El Gobierno de Río Negro prepara una reforma de la Ley Provincial de Carnes para permitir la comercialización de jabalíes, guanacos y otras especies no tradicionales. La iniciativa apunta a incorporar esos productos a carnicerías, restaurantes y establecimientos habilitados, bajo controles sanitarios. El objetivo oficial es transformar actividades limitadas a la caza o a circuitos reducidos en cadenas productivas formales.

El ministro de Desarrollo Económico, Carlos Banacloy, confirmó que el Ejecutivo enviará el proyecto a la Legislatura provincial. La propuesta también contempla simplificar los trámites de habilitación para productores y elaboradores, sin eliminar las exigencias de los municipios, la Provincia y el Servicio Nacional de Sanidad y Calidad Agroalimentaria (Senasa). «Tenemos que salir del modelo de caza control y escalar para que esas proteínas se comercialicen y lleguen a la población», sostuvo el funcionario.

El jabalí, entre el control ambiental y el negocio

La comercialización del jabalí se encuentra actualmente restringida a cazadores y pequeños circuitos de consumo. Con la reforma, el Gobierno rionegrino busca organizar la faena, el procesamiento y la venta de los cortes dentro de establecimientos autorizados. La medida también podría beneficiar a productores de la Línea Sur, donde ya existen algunas experiencias vinculadas con carnes no convencionales.

El proyecto incorpora además un objetivo ambiental. El jabalí europeo es una especie exótica invasora que provoca daños en cultivos, afecta la producción agropecuaria y altera los ecosistemas. Las autoridades provinciales consideran que su aprovechamiento comercial podría complementar las tareas destinadas a controlar su expansión.

La incorporación del guanaco abriría otra alternativa para regiones con condiciones productivas complejas. El Gobierno provincial pretende ampliar la oferta de proteínas y generar nuevas actividades económicas alrededor de la fauna patagónica. La aplicación de la reforma dependerá de las condiciones de faena, trazabilidad y control sanitario que se establezcan.
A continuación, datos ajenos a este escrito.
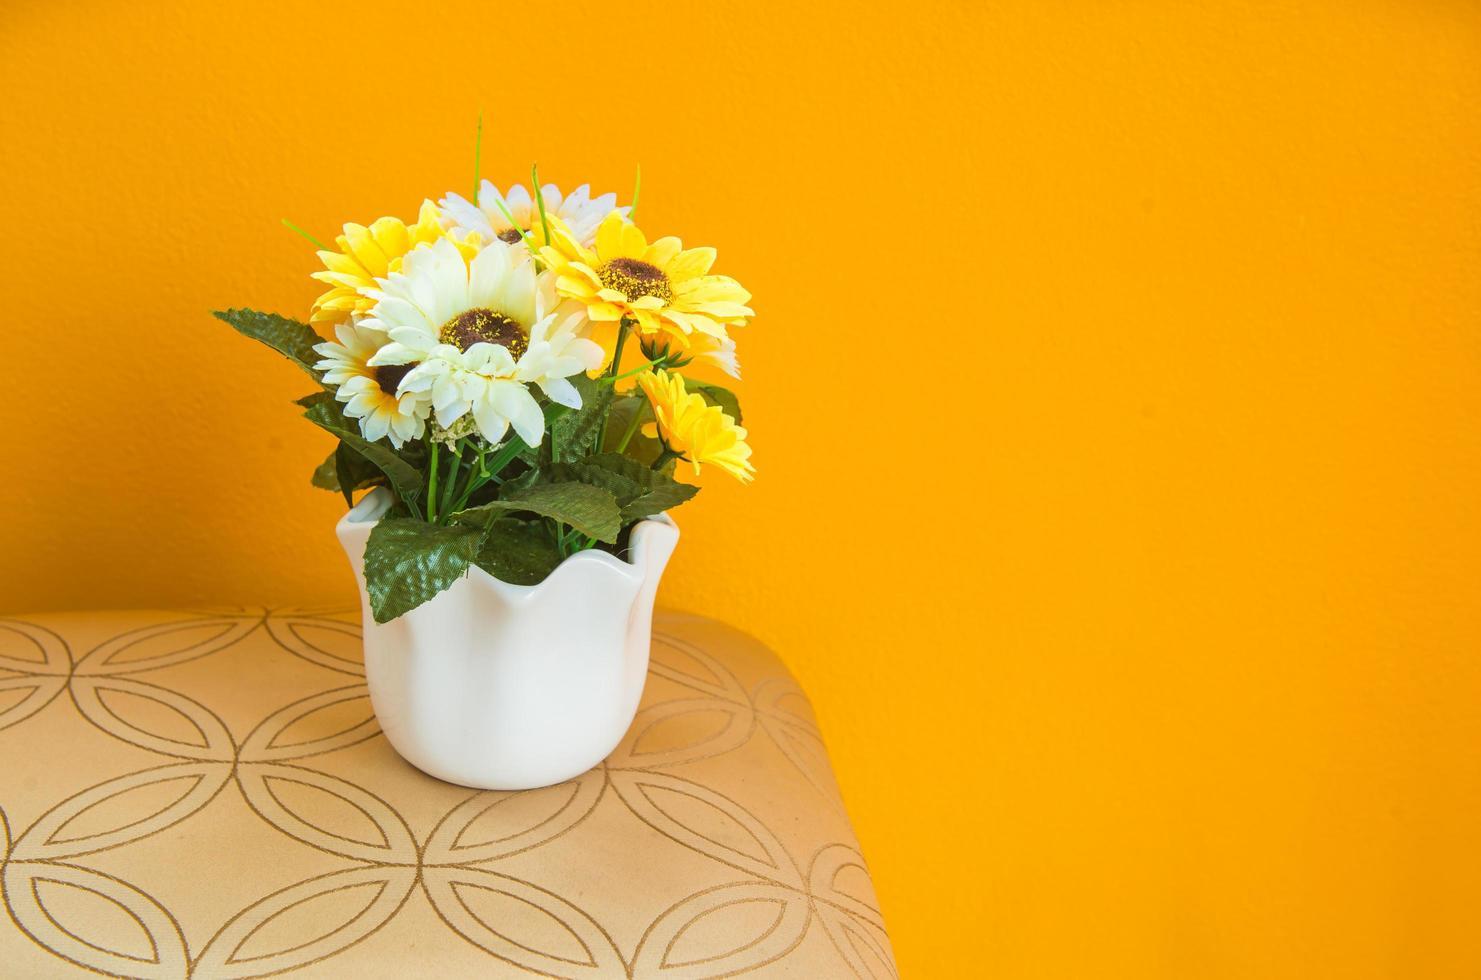 Strauß gelber Gänseblümchen in weißer Vase foto

El antecedente de la carne de burro en Chubut

La propuesta de Río Negro se conoce mientras Chubut desarrolla una experiencia piloto con carne de burro. El productor Julio Cittadini impulsó en la zona de Punta Tombo un emprendimiento que incluyó faenas experimentales, degustaciones y las primeras ventas al público. El producto llegó a una carnicería de Trelew con cortes similares a los vacunos y un precio cercano a los $7.500 por kilo.

Las pruebas también incluyeron empanadas, chorizos y asado elaborados con esa carne. La experiencia generó curiosidad entre algunos consumidores, pero también cuestionamientos de organizaciones proteccionistas. Los rechazos se apoyan principalmente en el vínculo cultural del burro con el trabajo rural y en objeciones de carácter ético.
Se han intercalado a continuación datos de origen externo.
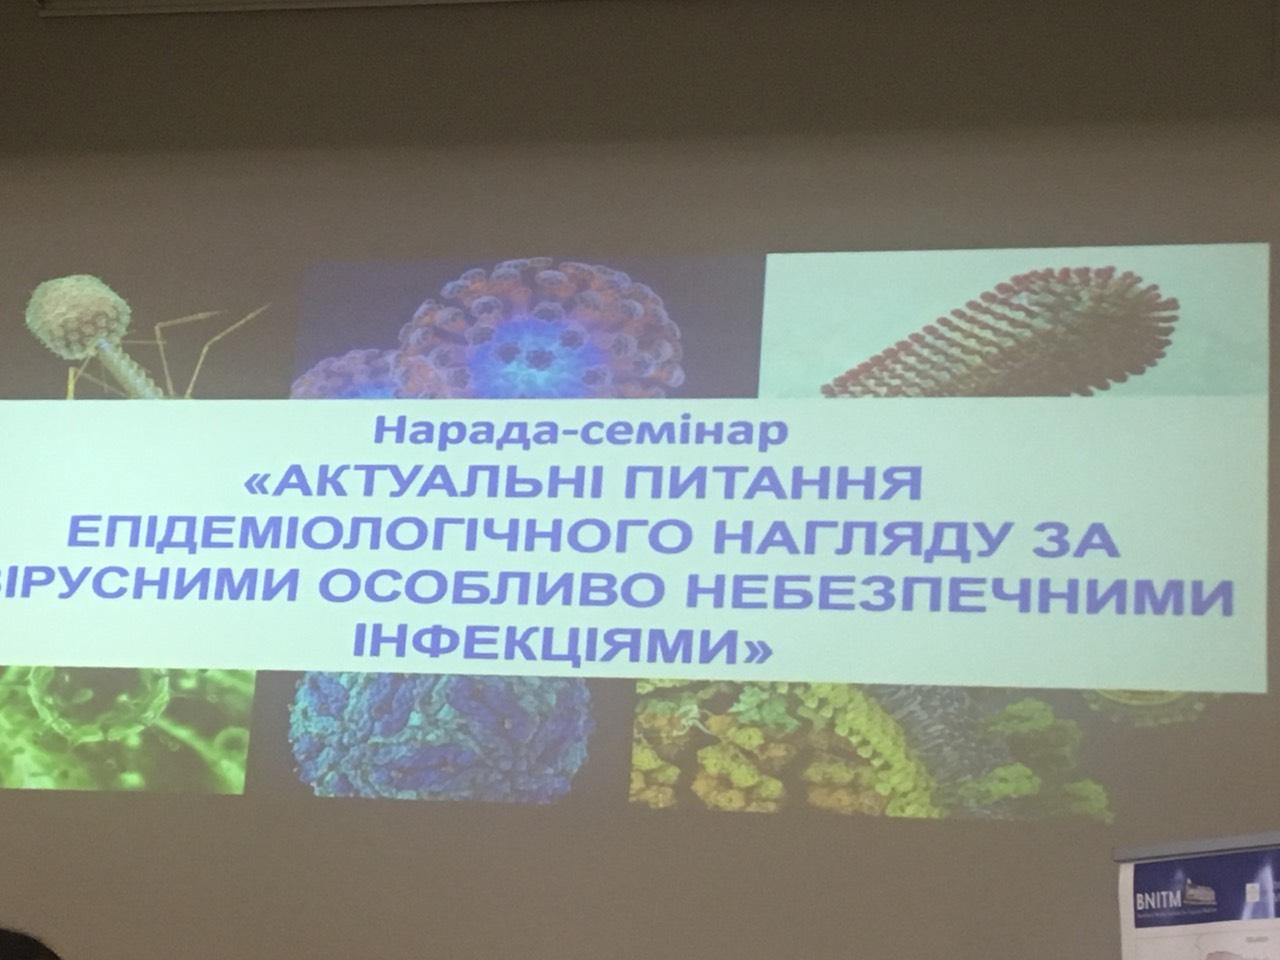 Фахівці ДУ «Івано-Франківський ОЛЦ МОЗ України» взяли участь у нараді з актуальних питань епідеміологічного нагляду

Quienes respaldan estas iniciativas sostienen que las proteínas alternativas pueden diversificar la producción en zonas con pocas opciones económicas. También señalan que el consumo de carnes no tradicionales ya forma parte de la alimentación habitual en otros países. La aceptación comercial, sin embargo, dependerá de los controles sanitarios y de la respuesta de los consumidores.

La aprobación de la reforma convertiría a Río Negro en una de las primeras provincias en regular un mercado formal de las denominadas «carnes salvajes». La iniciativa deberá definir qué especies podrán ingresar al circuito, bajo qué condiciones se autorizará su procesamiento y qué organismos realizarán los controles. El debate también expondrá la tensión entre las oportunidades productivas, el manejo ambiental y las costumbres alimentarias.